WORK ITEM
Work through the entries below and show every line in which "plus" is found.

++++++++

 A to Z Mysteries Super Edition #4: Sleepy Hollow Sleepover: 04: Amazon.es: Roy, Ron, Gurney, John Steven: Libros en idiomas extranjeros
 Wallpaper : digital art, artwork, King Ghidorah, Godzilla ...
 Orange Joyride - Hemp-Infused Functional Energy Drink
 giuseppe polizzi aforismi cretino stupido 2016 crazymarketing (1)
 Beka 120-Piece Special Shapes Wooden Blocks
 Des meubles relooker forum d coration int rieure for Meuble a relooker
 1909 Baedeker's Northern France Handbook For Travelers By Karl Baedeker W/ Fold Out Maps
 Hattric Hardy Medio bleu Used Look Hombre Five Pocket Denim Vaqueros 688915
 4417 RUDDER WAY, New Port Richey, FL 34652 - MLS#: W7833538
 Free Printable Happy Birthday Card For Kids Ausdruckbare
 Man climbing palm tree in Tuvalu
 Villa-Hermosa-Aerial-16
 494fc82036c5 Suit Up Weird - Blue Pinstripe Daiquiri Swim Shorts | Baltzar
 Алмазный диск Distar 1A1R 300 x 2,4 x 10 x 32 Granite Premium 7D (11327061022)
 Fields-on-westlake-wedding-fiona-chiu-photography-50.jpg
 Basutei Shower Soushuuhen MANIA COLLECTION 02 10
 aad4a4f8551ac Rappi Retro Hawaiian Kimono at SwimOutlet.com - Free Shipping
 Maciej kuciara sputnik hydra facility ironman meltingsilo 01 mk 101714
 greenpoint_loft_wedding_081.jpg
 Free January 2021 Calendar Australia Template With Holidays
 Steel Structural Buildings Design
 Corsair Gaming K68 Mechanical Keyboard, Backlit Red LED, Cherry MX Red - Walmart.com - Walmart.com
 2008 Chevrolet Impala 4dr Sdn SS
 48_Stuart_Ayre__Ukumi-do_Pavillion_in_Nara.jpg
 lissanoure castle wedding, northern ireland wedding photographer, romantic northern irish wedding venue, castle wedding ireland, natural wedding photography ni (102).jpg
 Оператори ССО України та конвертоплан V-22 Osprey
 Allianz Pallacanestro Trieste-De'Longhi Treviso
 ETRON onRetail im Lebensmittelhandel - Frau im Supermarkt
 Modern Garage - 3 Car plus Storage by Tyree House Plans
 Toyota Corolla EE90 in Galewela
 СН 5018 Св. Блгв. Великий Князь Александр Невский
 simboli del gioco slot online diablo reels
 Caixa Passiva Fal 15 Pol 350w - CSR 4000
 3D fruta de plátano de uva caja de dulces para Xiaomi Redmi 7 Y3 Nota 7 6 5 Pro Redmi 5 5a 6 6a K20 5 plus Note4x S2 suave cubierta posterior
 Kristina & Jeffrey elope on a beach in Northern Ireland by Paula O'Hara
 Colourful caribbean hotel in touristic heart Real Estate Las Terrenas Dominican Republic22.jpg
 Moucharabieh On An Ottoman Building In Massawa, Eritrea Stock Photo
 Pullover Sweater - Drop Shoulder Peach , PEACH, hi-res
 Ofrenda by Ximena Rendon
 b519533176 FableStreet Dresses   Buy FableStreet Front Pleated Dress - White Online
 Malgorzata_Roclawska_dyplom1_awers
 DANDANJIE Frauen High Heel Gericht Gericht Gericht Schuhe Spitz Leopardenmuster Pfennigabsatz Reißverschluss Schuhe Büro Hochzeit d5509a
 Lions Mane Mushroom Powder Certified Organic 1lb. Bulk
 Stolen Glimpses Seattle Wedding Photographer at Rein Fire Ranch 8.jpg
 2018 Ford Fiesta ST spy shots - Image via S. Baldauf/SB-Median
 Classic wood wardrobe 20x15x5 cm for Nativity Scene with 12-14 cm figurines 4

++++++++

ANSWER BOX
 Modern Garage - 3 Car plus Storage by Tyree House Plans
 3D fruta de plátano de uva caja de dulces para Xiaomi Redmi 7 Y3 Nota 7 6 5 Pro Redmi 5 5a 6 6a K20 5 plus Note4x S2 suave cubierta posterior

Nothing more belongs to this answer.